In the digital age, our lives are supersaturated with images. You don’t have to be a member of the elite to surround yourself with visual stimuli, whether it’s posters of Picassos or simply the ever-changing canvas of the television screen. Yet for all we’ve gained through this democratization of the image, there’s no replacing original works of art.

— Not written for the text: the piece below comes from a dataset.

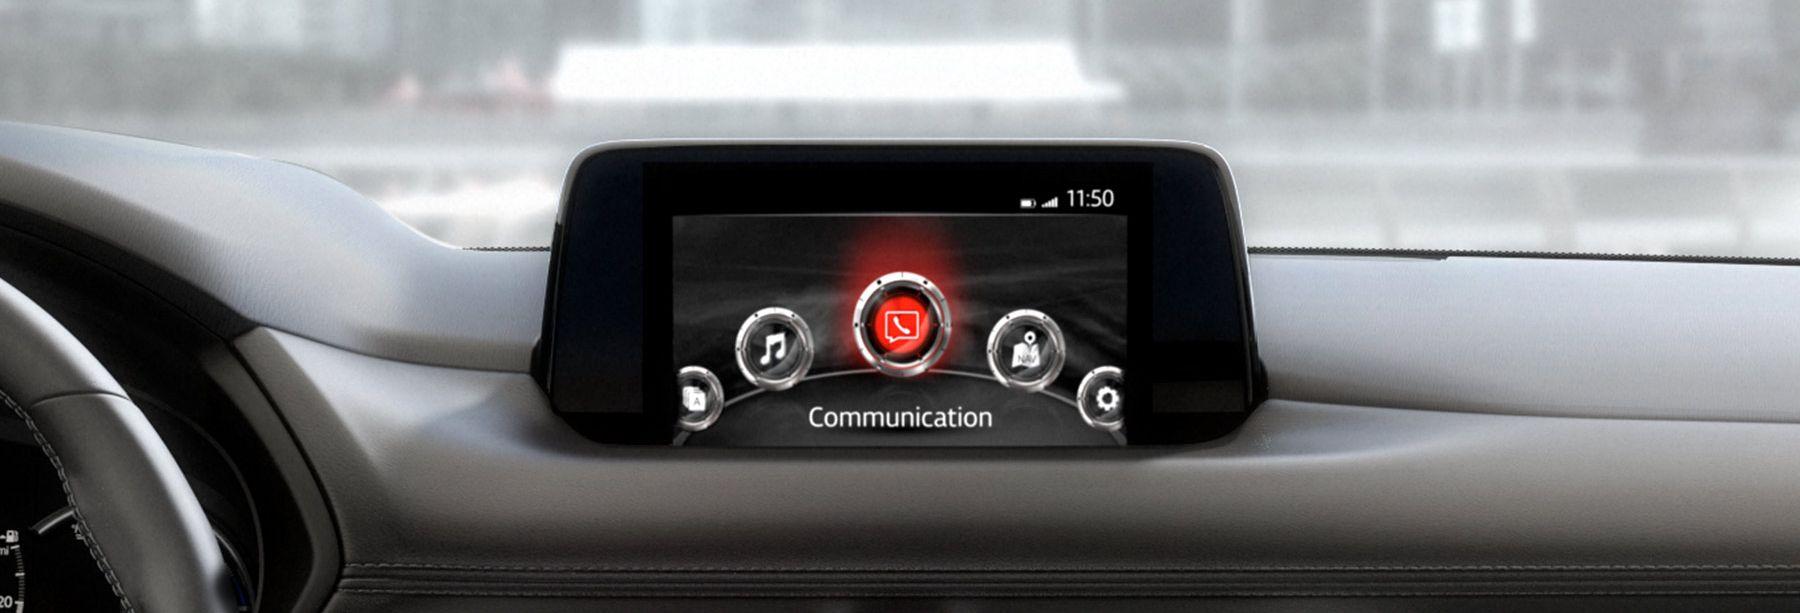 2019 Mazda CX-5 Touchscreen

At least that’s how Susan Bush sees it. The curator of the second annual 100 Grand show at Sullivan Goss, Bush aims to make art collecting accessible to those who’ve so far considered it out of their league. The group show features 100 works, each priced somewhere between $90 and $1,000. Many are by area artists, from the well established to the just emerging. They range from figurative to abstract paintings, from assemblage to photography, and from conceptual to classical in their approach.

“Shark Park Series: Whale Rider 59" by Blakeney Sanford.

The works are clustered on four walls of the Vollmer Gallery in a dense presentation—the fine-art equivalent of a bargain store bursting with merchandise—and yet each piece in this motley collection is a unique creation.

Some works bear witness. Jon Francis’s oil painting “Ranch Detail #11” pays homage to three light switches, lit from the side as if through an open barn door. Jane Taylor’s fine “Silver Bowl” captures the luster of her subject’s reflective surface in painterly pastels.

Others evoke characters: Colin Fraser Gray’s pencil sketch “Man in Bowler” conjures a wonderfully phlegmatic male bust out of efficient crosshatch marks, while Blakeney Sanford’s “Shark Park Series” gives bikini-clad surfer girls iconic status through flat blocks of color on a gold ground.

Then there are works that have something to say about the phenomenon of art itself. Dan Levin’s wall sculpture “Pray Here” is a red crucifix studded with light bulbs, the pull chain at its base culminating in a plastic doll hand. The bulb at the center is mirrored, so that the approaching viewer/worshipper confronts her own distorted image. In Rafael Perea de la Cabada’s “El Caminante” (“The Wayfarer”), black acrylic paint on paper delineates a man’s form, beneath which appears a palimpsest: an article about Perea de la Cabada taken from a Los Angeles publication.

Among the many other works included in this show are paintings by Hank Pitcher, Susan Savage, and Nicole Strasburg; assemblage by Tony Askew and Susan Tibbles; and mixed media work by Dane Goodman. Every piece is the result of one artist’s act of creation, a priceless process for which there will never be a replacement.